けれど、どこか自然の力を感じるためか気分は悪くなかった。
川沿いを進みながら、渓谷の空気をめいっぱい肺に送り込む。
「あふぅ」
長い髪を風になびかせ、少女は満足げに息をはいた。
同時に、少女の腹の虫が鳴き出す。こちらの世界に飛ばされて数時間。しばらくの間、食事をとっていない。そろそろ何かを口にしたい。
と、考えているうちに、目的地が近づいていることを示す看板の横を通り過ぎた。
「……着くまでもう少しかな。とりあえず、まずはご飯ですかね」
任務を与えられた際に渡されたスマホのような端末に表示されている地図を確認しながら、独り言を呟く。
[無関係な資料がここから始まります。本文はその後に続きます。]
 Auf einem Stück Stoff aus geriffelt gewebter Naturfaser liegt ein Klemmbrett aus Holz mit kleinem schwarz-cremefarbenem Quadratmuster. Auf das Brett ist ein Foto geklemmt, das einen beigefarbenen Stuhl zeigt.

前方に小さな街が見えた。サブリサイドだ。端末で調べた情報によると、側を流れるサブリナ川にその名を由来し、川魚の照り串焼きの屋台が名産らしい。
せっかくなので、名物が食べたい。少女はそんな事を考えながら、サブリサイドに向かっていく。
――本当に、わたしは転生したんだな。
少女にとって、自由に出歩けるなんて、夢の中か、あるいは異世界転生でもしなければあり得ないことだった。
けれど、鼻に香ってくる朽ちた木の匂いも、頬をたたく砂利混じりの強風も、目の前に広がるファンタジー作品のような景観も、はっきりとした存在感がある。
それにより、少女は自分が今れきっとした現実にいるのだと実感する。
「これが異世界の街……」
思わず呟きを漏らしながら、少女はサブリサイドへと入った。
入口から中心部に進むにつれ、草木の香りが魚の焼ける美味しそうな匂いに変わっていき、風の音が人々のざわめきにとって代わった。
少女はキョロキョロと周囲を見回して、様子を観察する。
石畳が敷き詰められ、木組みの家々が立ち並んでいる街並み。
人通りも多く、広場はかなり賑わっている。
すれ違う人はチュニックを着た男性や、時代がかったワンピース姿の女性などいかにも中世風ファンタジー作品の町民然とした格好をしている。
まるで映画の撮影現場のようだと感じる。
もちろん、映画撮影などではなく全て現実だけれど。
ふらふらと街中を進んでいると、名物の照り串焼きの屋台をいくつか見つけた。
そのうち、ひときわ香ばしい匂いのする煙を漂わせていた店の前で足を止める。
「お姉さん、照り串焼きを一本……いや、二……やっぱり三本ください」
焼けた魚にタレを塗っていた女性に向かって、数枚の硬貨を差し出す。この世界に来る時に餞別としてもらったものだ。
女性が一瞬、きょとんとした顔で立ち尽くした。
その理由について少女は少し考えてみる。思い当たるものが一つあった。
自分の服装だ。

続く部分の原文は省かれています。